WHAT THE TASK ASKS:
Set down the data below without change, skipping the pictures it holds.

DATASET SECTION:
——————————
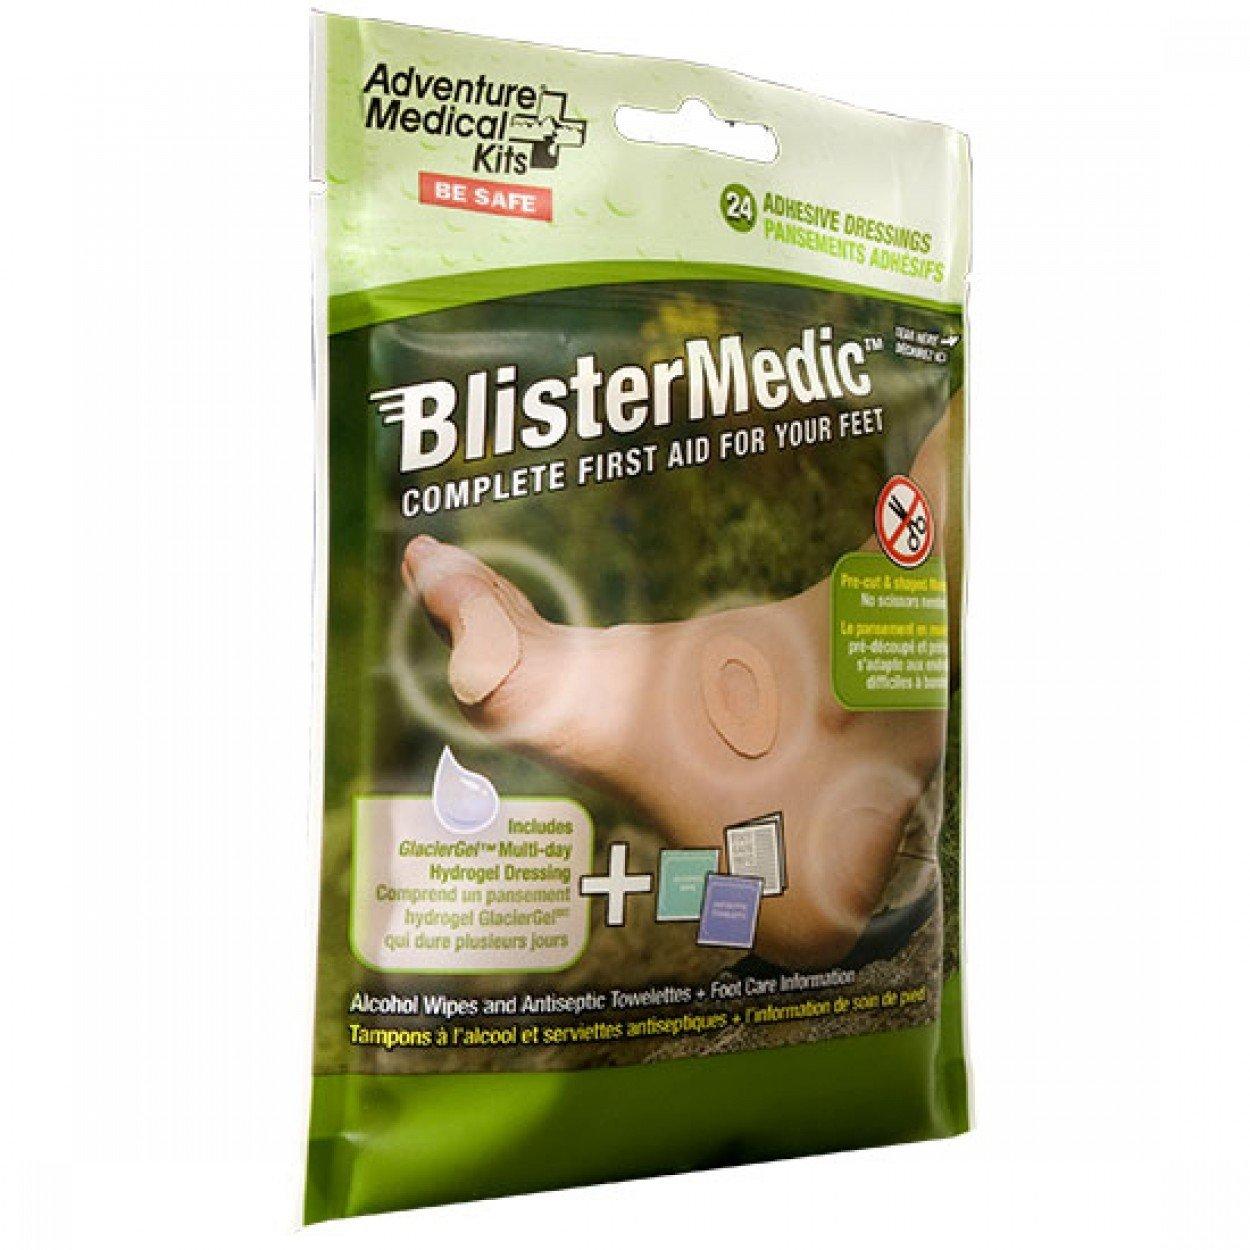 Adventure Medical Kits Blister Medic
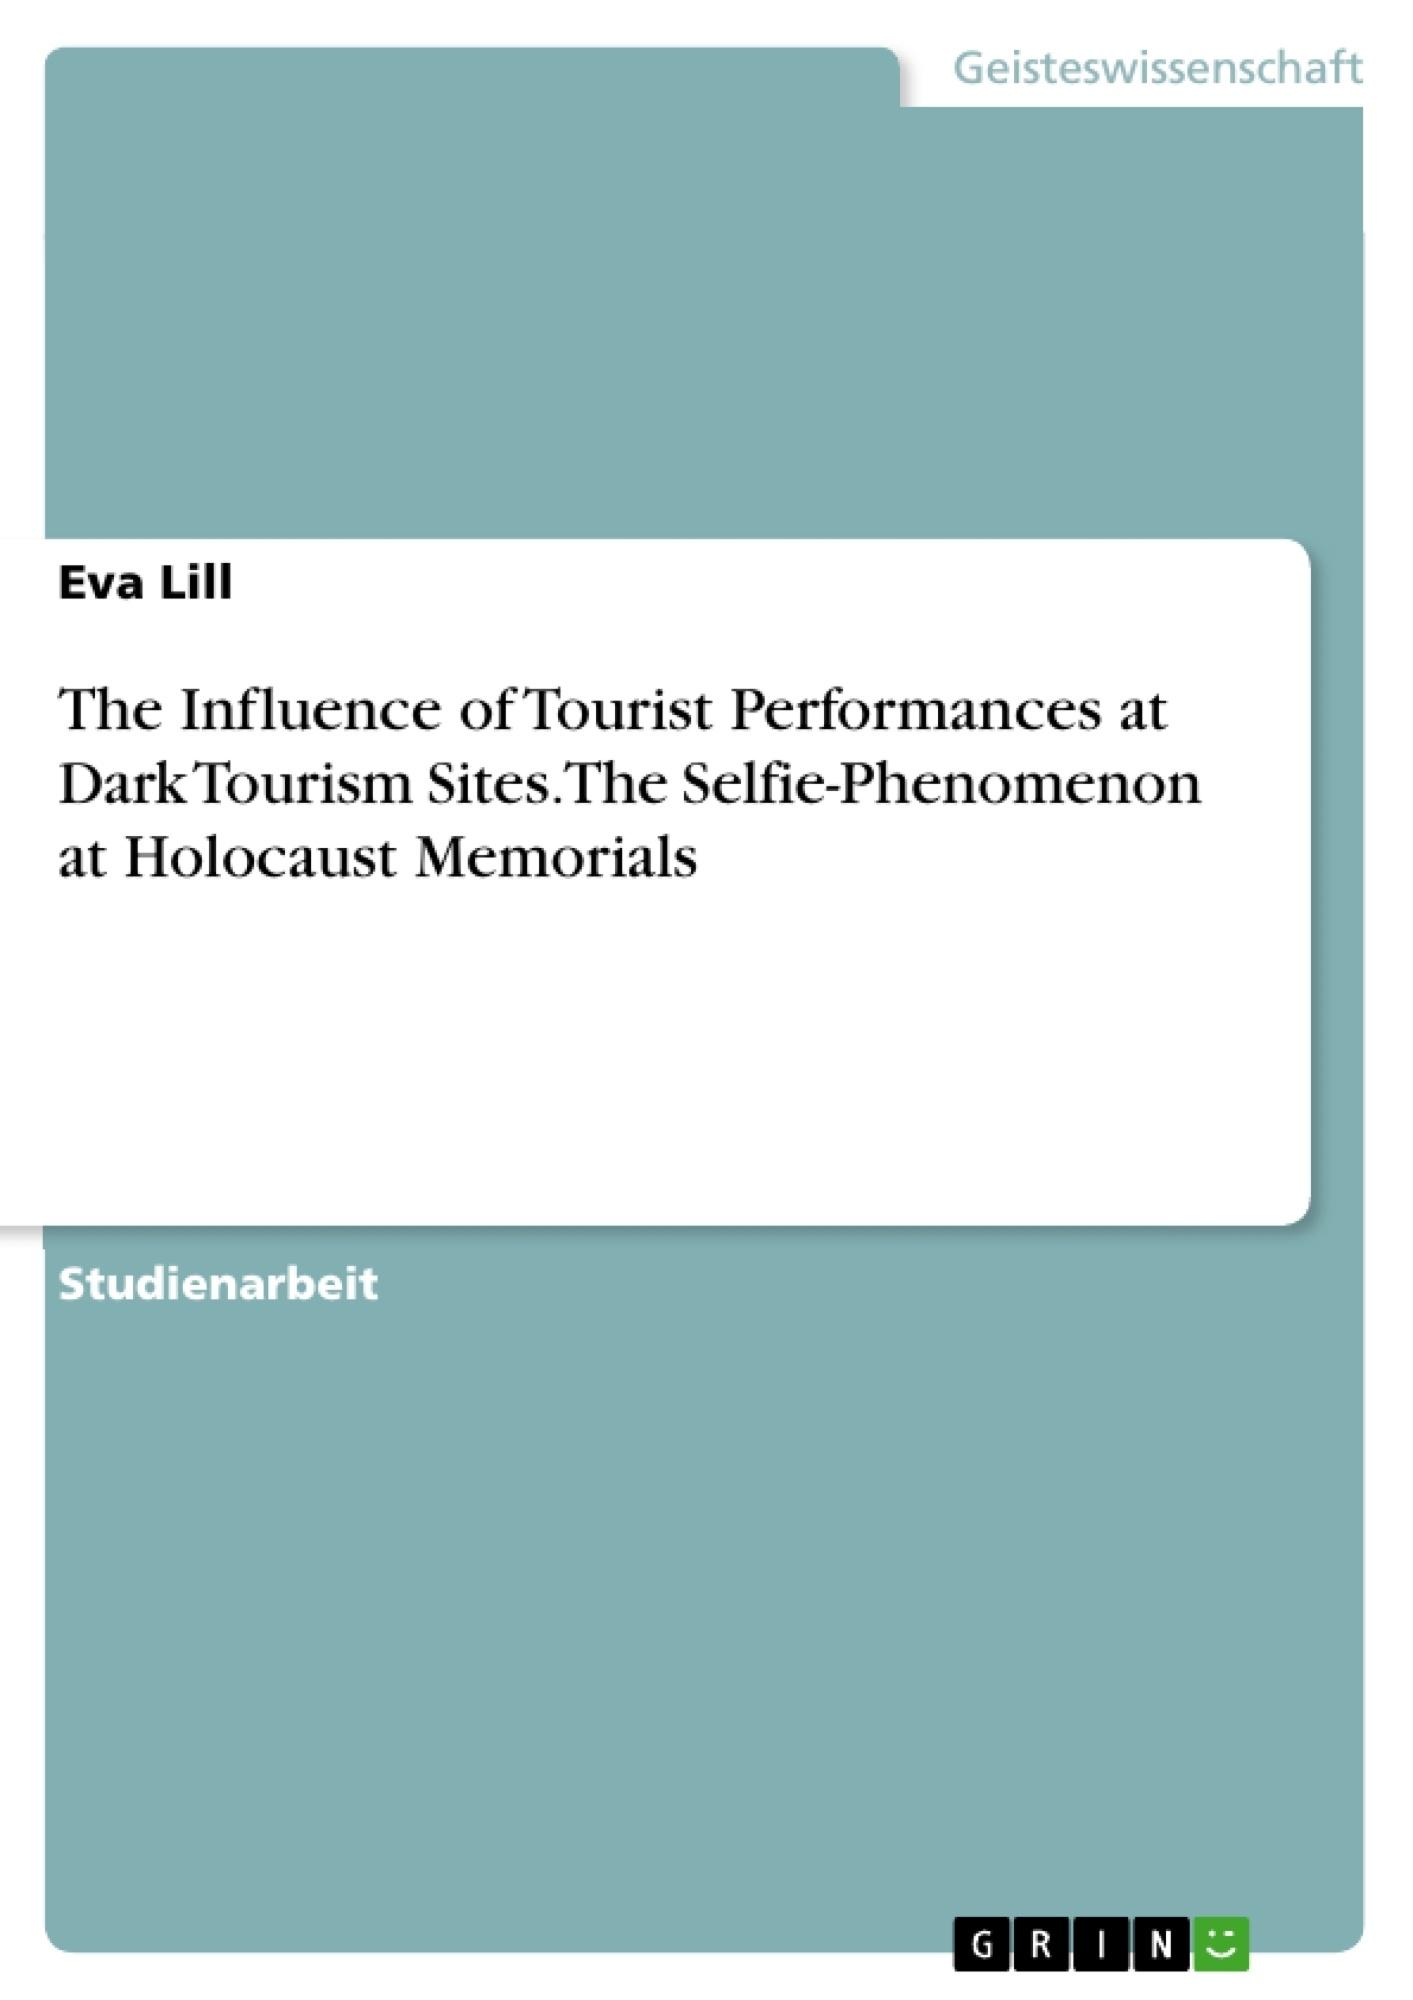 Titel: The Influence of Tourist Performances at Dark Tourism Sites. The Selfie-Phenomenon at Holocaust Memorials
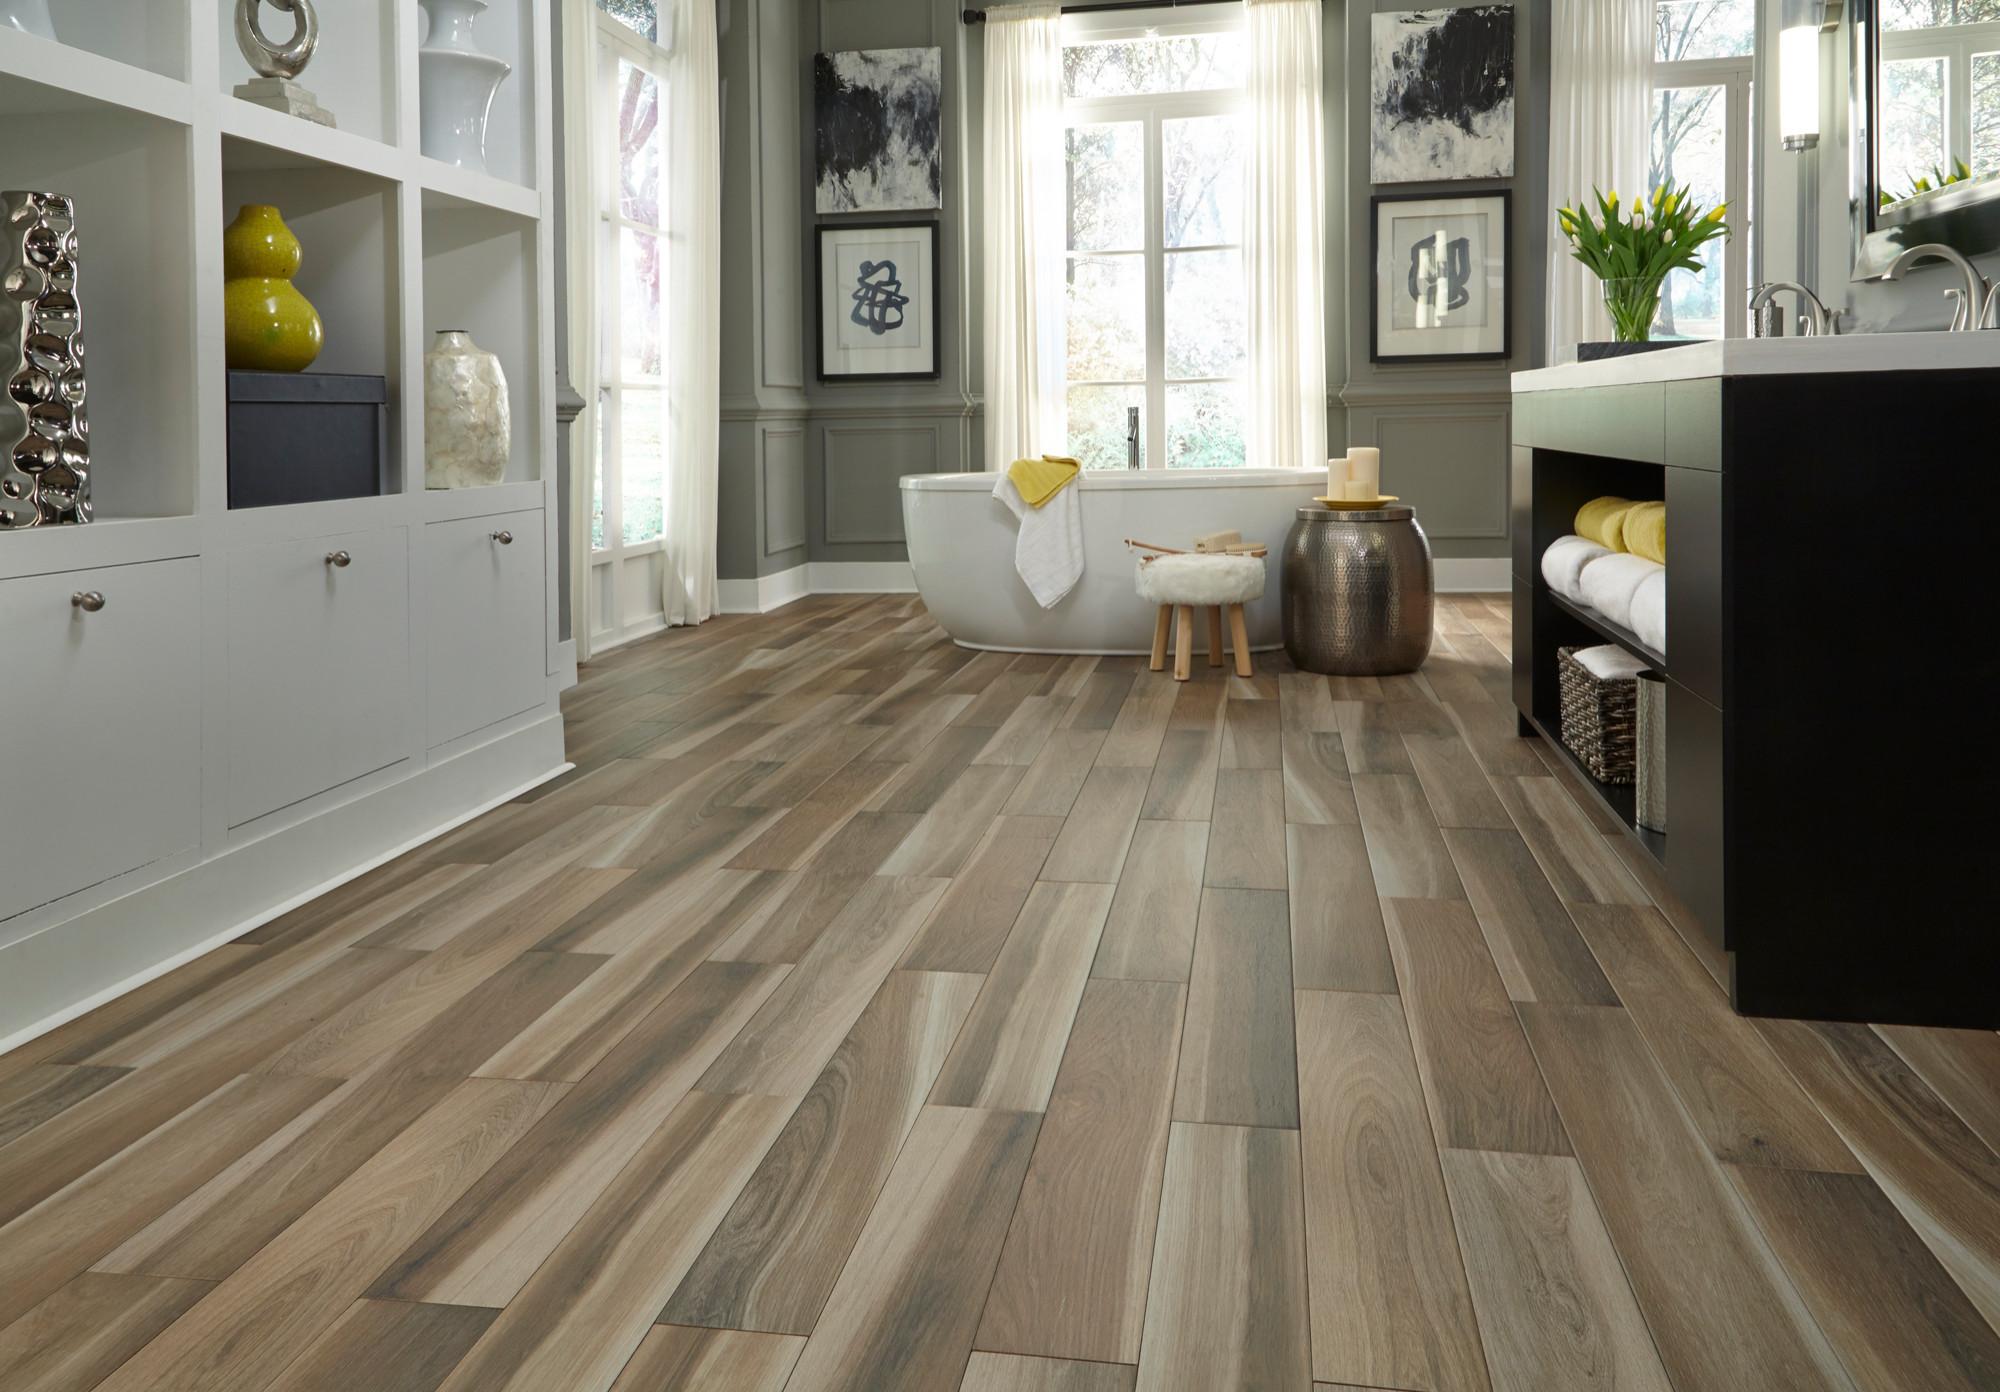 avella brindle wood natural wood look
——————————
TASK RESPONSE:
 Adventure Medical Kits Blister Medic
 Titel: The Influence of Tourist Performances at Dark Tourism Sites. The Selfie-Phenomenon at Holocaust Memorials
 avella brindle wood natural wood look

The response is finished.